I read FreeRTOS doc to learn task and queue. I added ESP_LOGD
to confirm that my implementation of double buffering doesn't introduce race condition of read/write in double frame buffer between xQueueSend
and xQueueRecieve
where swapping frame buffer and DMA from line
array to LCD controller are done. In fact, I suspect that the serious flickering in my previous Youtube video is caused by the speed differences between LCD refresh speed and SPI transferring speed. I can see that printing out from ESP_LOGD
slow down frame speed from 60 fps to 47 fps. The serious flickering has gone. See Video
@jaygarcia It is not my ideas at all. I got two ideas interlacing and delta update from juj's repository. His ili9341 work build on RasPi. But the improvement algorithm may apply to ESP32.
hi @rickyzhang82 i was also looking at the same interlacing example and was wondering if the overhead of transactions was too high for interlacing to work well, as each row "paint" would require a whole new transaction, resetting the starting address w/ the LCD and it's required overhead.
In regards to your point #2 above, are you swapping memory pointers at the end of of the SPI transfers? E.g. After send_continue_wait();
call?
Current implementation ili9341_write_frame_nes
sends 5 lines in every SPI transaction using memory continue write command 0x3c
, while the proposed interlacing or delta update (minimal rectangle update) will use at least 3 additional SPI transaction 0x2a
(column address), 0x2b
(page address) and 0x2c
(memory write) for each line/rectangle update. For interlacing, if the overhead exits, I'd estimate that at least 2.5 times more SPI transaction in writing memory than the original approach. I don't know the overhead until I get it implemented.
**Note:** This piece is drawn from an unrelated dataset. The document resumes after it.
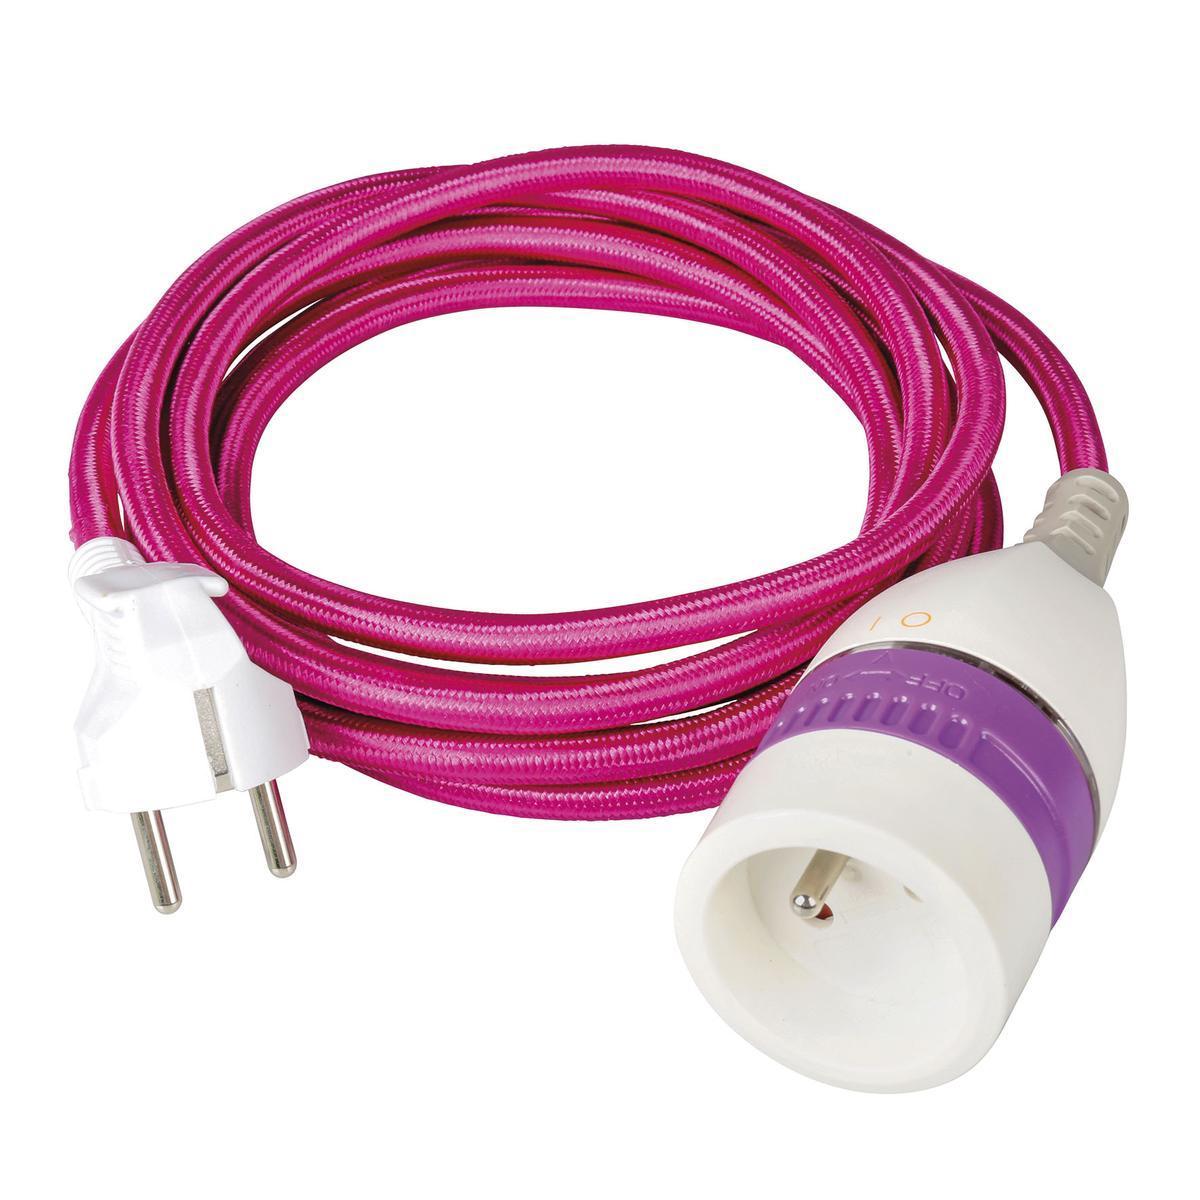 Prolongateur internet et cable - L 3 m - Violet

I swapped the buffer after xQueueSend
. By the time there is one and only one empty slot available in the vidQueue
, it implies that xQueueReceive
has been done so that the slot has been freed. Because ili9341_write_frame_nes
finished before xQueueReceive
. send_continue_waite
must been done within ili9341_write_frame_nes
. So the answer is definitely YES. See code
Thanks @rickyzhang82 =). I've been trying to to follow your fork in addition to learning the codebase and your explanation has helped me =)
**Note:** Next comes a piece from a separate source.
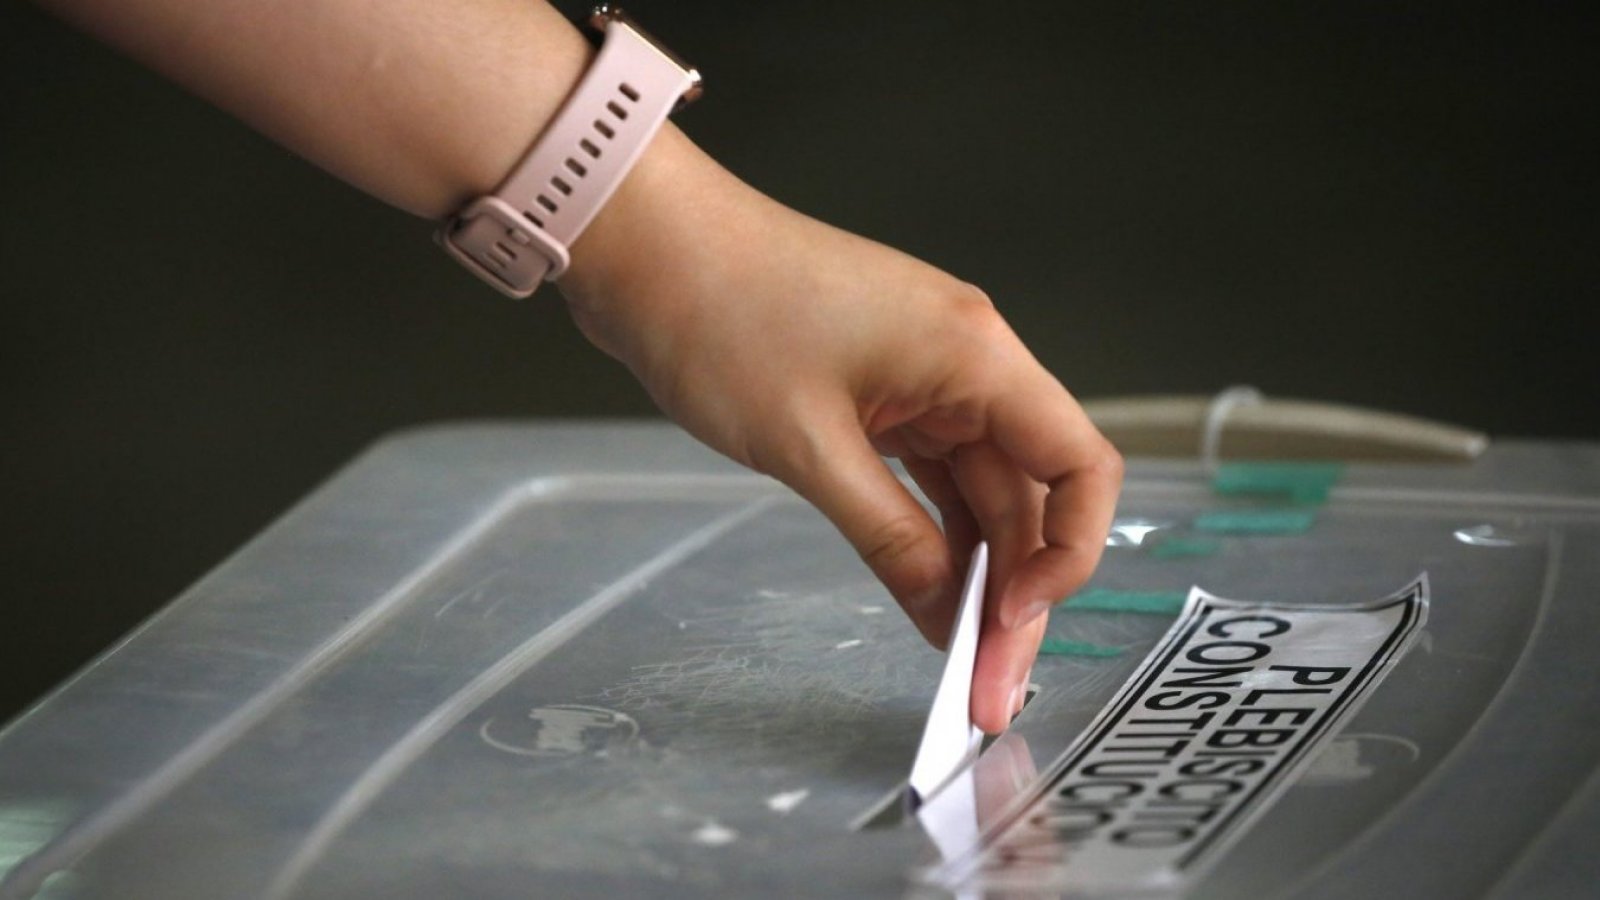 Mano de mujer ingresando un voto a una urna de votación.

Sorry I'm trying to understand, does this mean the tearing issue might be fixed in the future?
@OtherCrashOverride
I encountered heap corruption when using spi_device_get_trans_result
to synchronize dual line
buffer in DMA over SPI bus.
I suspected that loading states from uSD in core 0 over SPI causing the problem Because the heap corruption happened around the time it tries to load saved state from uSD card.
I saw the original send_continue_line
and send_continue_wait
in odroid_display.c
using spi_device_get_trans_result
to sync after the whole screen data transfer is done. But spi_device_get_trans_result
only calls one time only. I don't have a doc to explain if transaction number should match between spi_device_queue_trans
and spi_device_get_trans_result
. But the sample code from ESP-IDF does match.
@JasonB32 It is pure experimental work. I'm working on interlacing now.
Ohh you're a very good man @rickyzhang82 Thank you!!!
@rickyzhang82 The LCD SPI support has been reworked in the smsplusgx branch.
@OtherCrashOverride did you notice a significant improvement in migrating from task queues to semaphores? =)
@OtherCrashOverride
I noticed you convert task queue into semaphore.
Using bitmask 0x80
on t->user
to release semaphore on line buffer looks like a good trick.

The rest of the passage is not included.